Princeton Journal of Interdisciplinary Research, Volume 1, Issue 2
— Frontiers of Inquiry (December 2025) - ISSN 3069-8200
Mimetic Humanism and Planetary Cohabitation – Toward an Ethics of Inclusive Transmission
Author: Christopher I. L. James
Affiliation: Teesside University International Business School
Abstract:
In an age of planetary interconnection, the ethical challenges we face are no longer only local, deliberative, or individual. They are transmissive. The values we repeat, suppress, or circulate across borders now shape global moral conditions, influencing what becomes visible, imitable, and viable within shared cultural space. This article introduces the concept of mimetic humanism, a transmission-aware ethical orientation rooted in the Networked Mimetic Ethics (NME) framework.
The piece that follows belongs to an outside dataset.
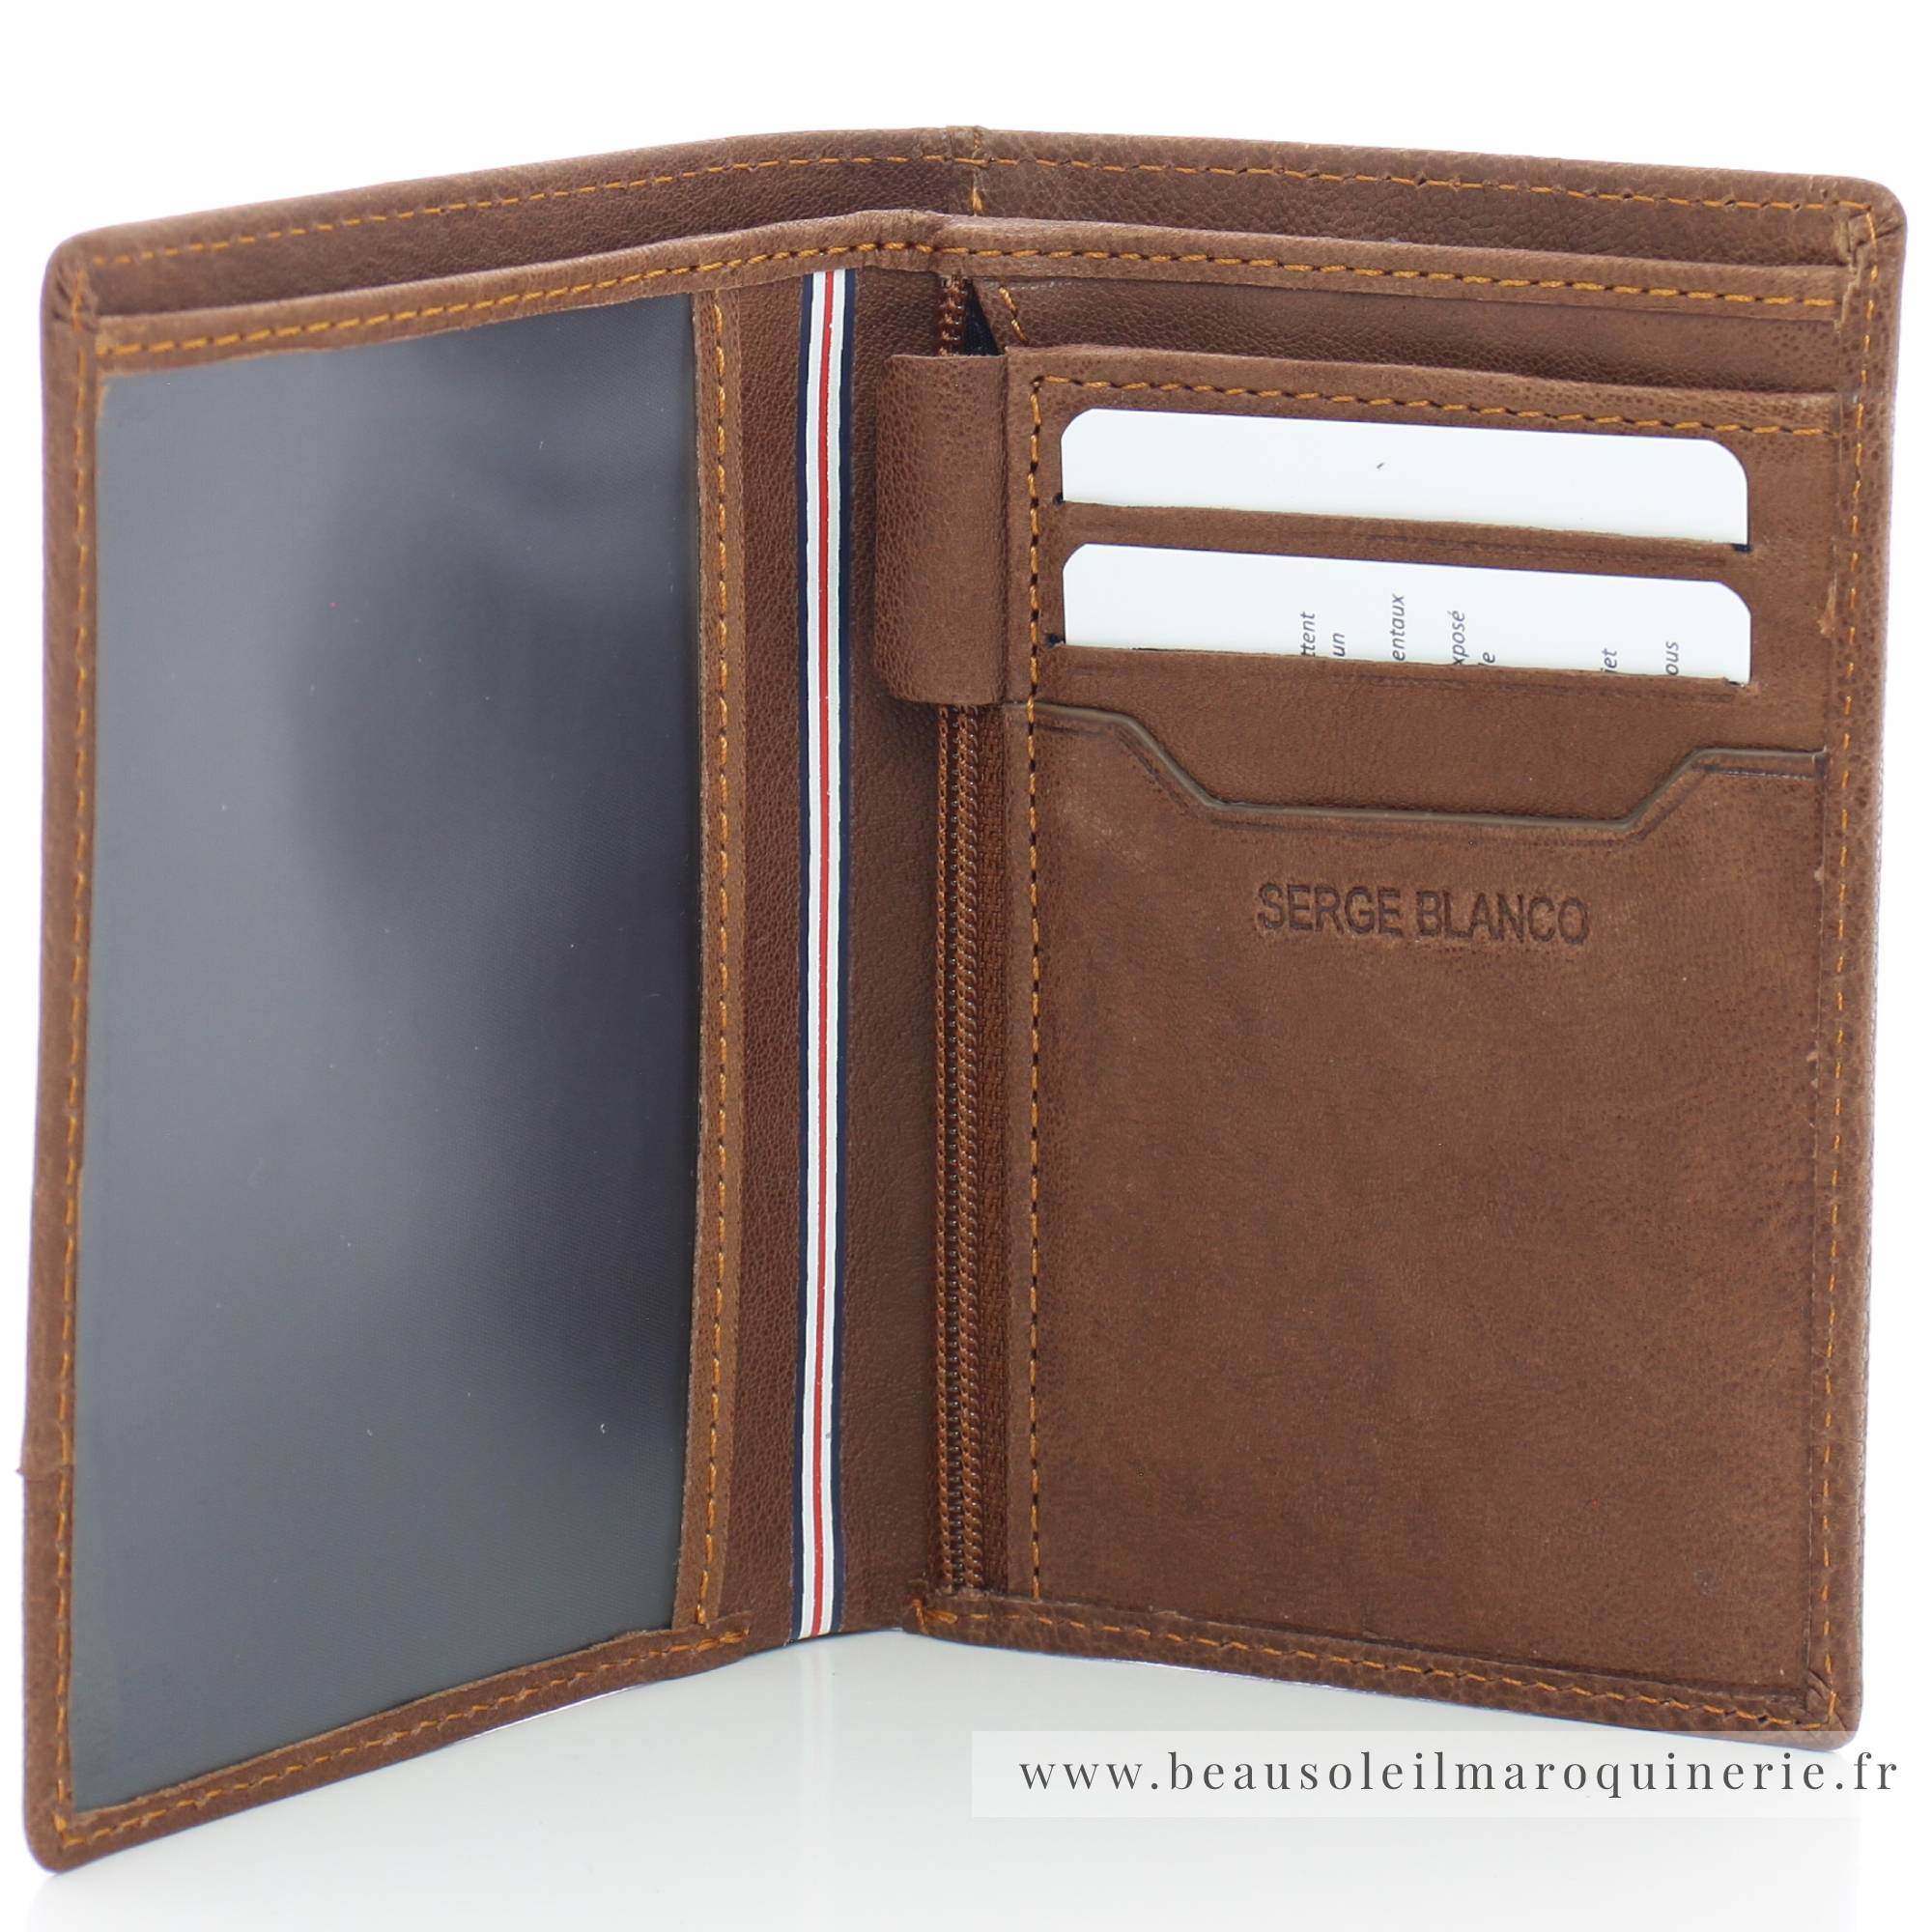 Portefeuille porte-cartes Serge Blanco en cuir ligne Anchorage, référence ANC21052 149 Cognac ouvert

Mimetic humanism centres the right to ethical visibility, the dignity of value plurality, and the moral responsibility to curate shared spaces of transmission. Against the backdrop of cultural erasure, digital colonialism, and algorithmic homogenisation, the article argues for a renewed approach to ethical cohabitation, one that treats transmission not as a by-product of culture, but as its central ethical medium. Through critical analysis of global infrastructures, borderless platforms, and the dynamics of mimetic exclusion, the paper outlines a theory of inclusive contagion and proposes principles for designing systems that sustain ethical diversity at scale. It concludes that planetary ethics must be built not only on the capacity to live together, but on the capacity to transmit together, to co-shape the mimetic conditions through which our moral futures unfold.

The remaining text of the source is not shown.